I corrected my old code to use the initialization you suggested (as well as the dummy byte, which I saw that according to the specs is necessary before the clock is removed) from:
https://github.com/Krasutski/sdcard_spi_driver/blob/master/spi_sdcard_driver.c
In reality, the cards work even if the clock is paused before a dummy byte is given, but it should be safer to have it, so I included it. And that should also make it so that the next sent command executes correctly.
I looked at my sector transfer code... making it use DMA optimally will be a challenge.
We don't consider a read of a single sector, as that is slow.
A read of multiple sectors consists of:
- A: CMD18 with R1 response
- B: At this point the card fetches the data from flash and prepares it for sending. 0xFF is returned by the card through this time. Once done, a readDataToken is sent rather than the 0xFF.

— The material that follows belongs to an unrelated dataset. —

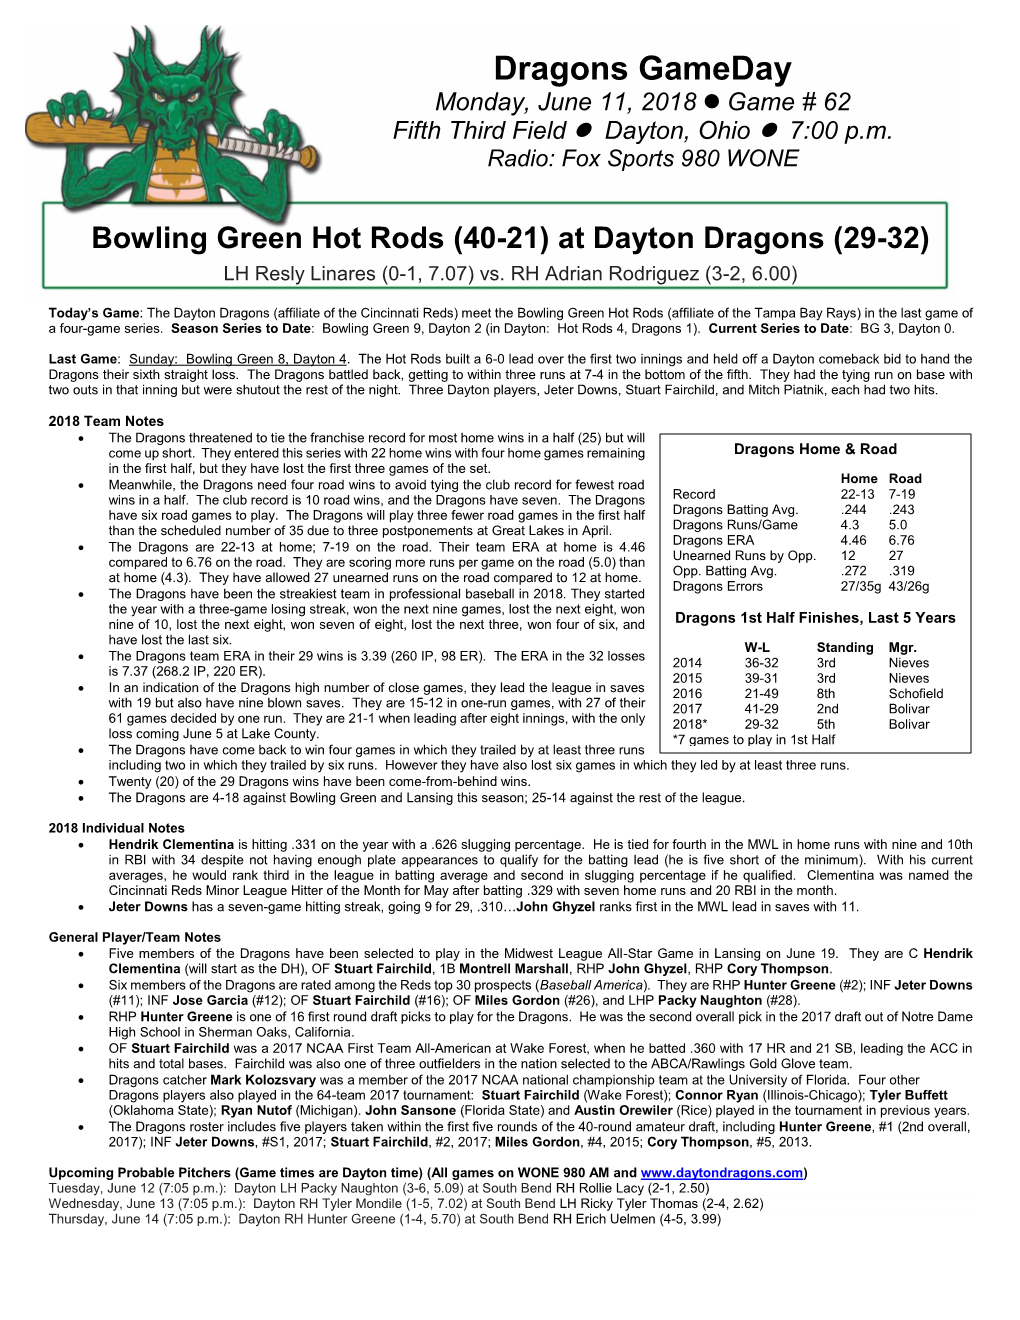 Dragons Gameday Monday, June 11, 2018  Game # 62 Fifth Third Field  Dayton, Ohio  7:00 P.M

- C: The card sends 0x200 bytes - one sector, followed by two CRC bytes.
- Then repeats from step B for the next sector.
- D: CMD 12 is sent, which terminates the transfer.
Point A:
Sending a command is slow in general, because of the time necessary to set-up the hardware and also the method of waiting for a response: A response can come at any point within a fixed timeout period (i.e. number of bytes read) after the command's last byte has been sent. This means that we don't know in advance how many bytes we have to transfer, to get the response. So there are two methods:
- sendSdCmd() Transfer a single byte at a time, checking each one, if it is the response byte. This is slow, because many transfers are ran - one per byte and there are 6 command bytes and commonly up to 8 bytes of delay before the 5 response bytes.
- sendSdCmdB() Transfer the maximum possible packet size = 6 + CMD_WAIT_RESP_TIMEOUT + 5. But according to the driver by Krasutski, CMD_WAIT_RESP_TIMEOUT is 100, which is a lot - 4.6 times less than the size of a whole sector.

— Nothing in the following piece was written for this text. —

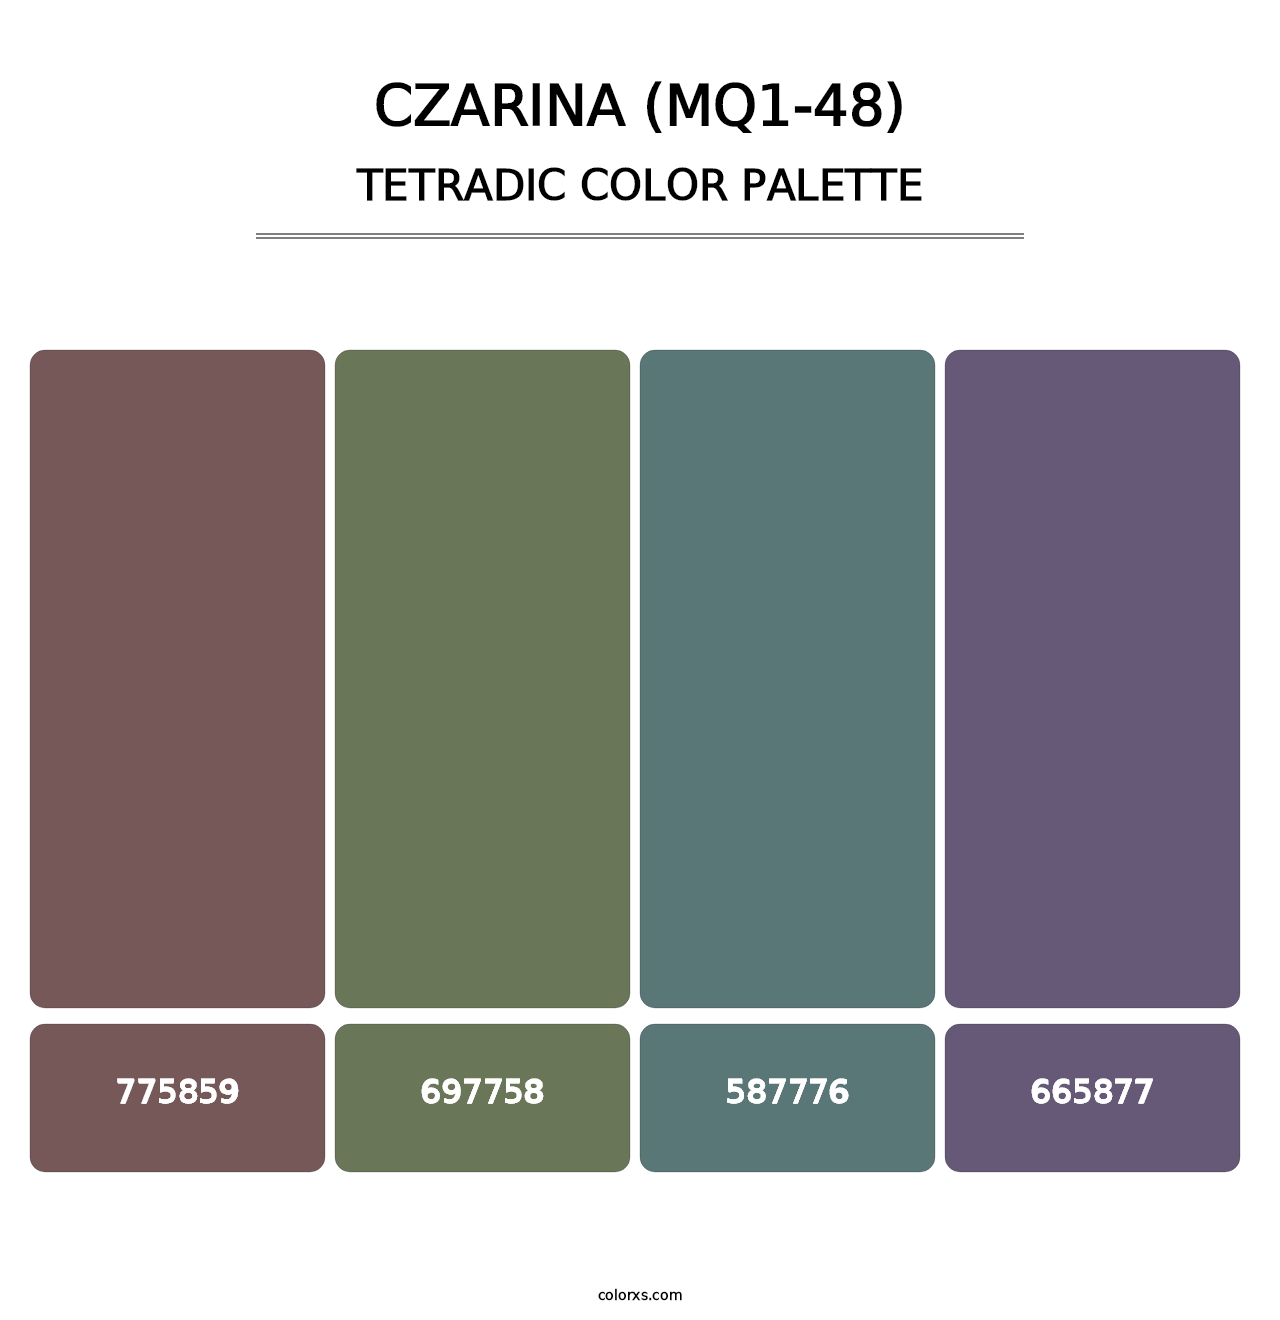 Czarina (MQ1-48) - Tetradic Color Palette

The first method can be considered as unsafe, because the clock gets paused between every two bytes. However it seems to work fine. So in theory, if the first method is further optimized for speed, this would be best.
One way of doing that would be to not do the initialization in sendCmd() each time. But we want to separate the SD Card code from the SIO2 code. So the solution would be to have a function that can re-run a transfer, with minimal code (and thus be faster).
Point B:
This, and the CRC bytes are part of the reason why DMA is unoptimal. At the start of period B, a transfer should be set-up, which reads a single byte and checks if it is the readDataToken. One might suggest moving the DMA and SIO2 initialization code for the sector transfer before this, and this would make sense, but can't be done, because we are using SIO2 here as well.

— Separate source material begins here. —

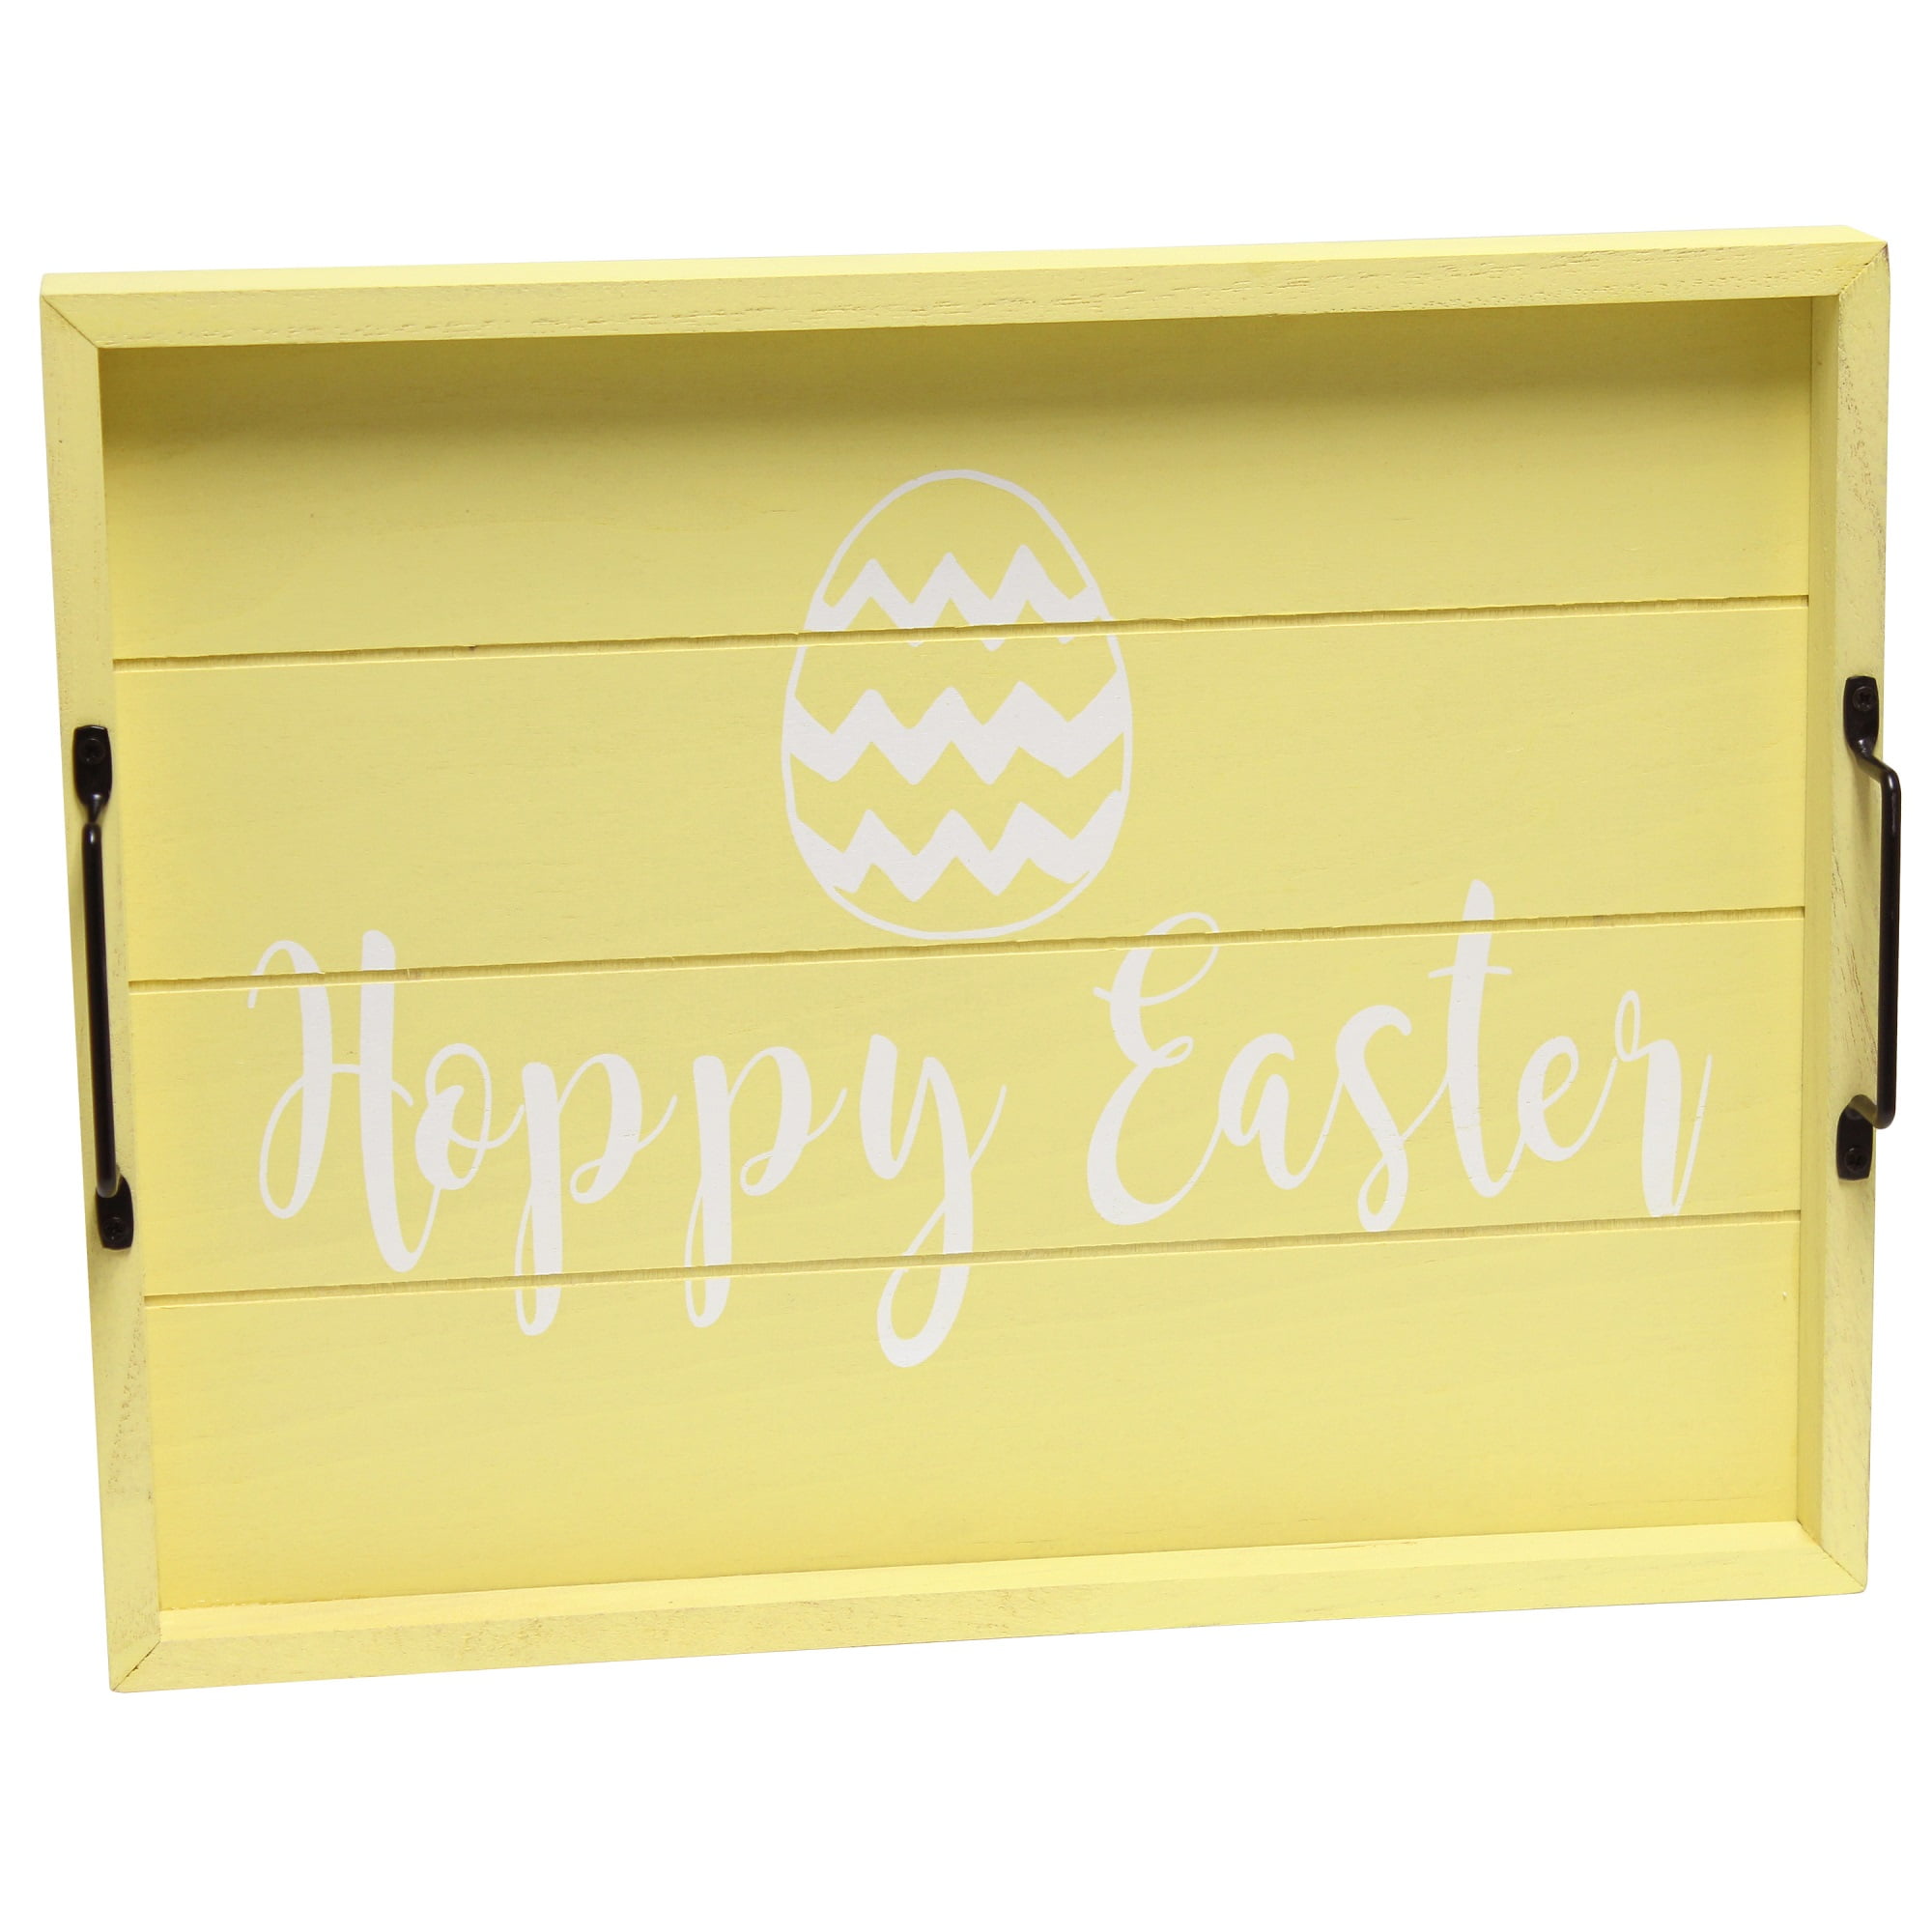 Elegant Designs Decorative Wood Serving Tray w/ Handles, 15.50" x 12", "Hoppy Easter"

Another idea would be to make this a separate queue element and place the sector transfer and CRC after it on the queue. This won't work because AFAIK, we have no way of re-running a single queue element... or maybe there is - through placing a null-element after it... but this again becomes very involved in the SIO2.
So in short - we can't just use DMA to transfer multiple sectors at once, because we have to wait for each one and poll the card to check when it is ready to send it.
We can't sleep the thread while waiting for the card, because we have to actively check the card for its state.
The only thing that can be done is probably releasing some cycles to other threads, but this can make the SD Card transfer too slow.
Point C:
Again requires setting-up SIO2, which is slow. We can't even do the whole sector transfer at once, because a single queue element can transfer at most 0x100 bytes - half of the sector size.
DMA would make getting the data to memory faster. But keep in mind, that a single memory access under program control and a DMA access to the same memory actually take the same amount of time, but for the program execution overhead. And also that with the PIO code we actually save the time of one writing to RAM and the reading the data back to reverse the bits. But will also mean that the bits order reversing would have to happen later. In practice, the DMA transfer of the next sector would first have to be started, and then the code to reverse the bits of the previous should run. Now taking into account the waiting for the card to fetch the sector data, and the CRC bytes, so the code will become quite complicated.
I tested without the command sending code and card polling - i.e. with only the raw PIO sector + CRC transfer code and the results are:
Code:
MX4SIO: sz 00000200 1699 kB/s
MX4SIO: sz 00000400 1787 kB/s
MX4SIO: sz 00000600 1799 kB/s
MX4SIO: sz 00000800 1762 kB/s
MX4SIO: sz 00000A00 1802 kB/s
MX4SIO: sz 00000C00 1805 kB/s
...
MX4SIO: sz 00004000 1810 kB/s
MX4SIO: sz 00004200 1808 kB/s
MX4SIO: sz 00004400 1810 kB/s
MX4SIO: sz 00004600 1811 kB/s
So 1800kB/s is the maximum with the current PIO code (no SD Card needs to be connected for the test). Maybe I'll implement a function of the driver to be able to do such a test, so we can compare the performance of the different PS2s.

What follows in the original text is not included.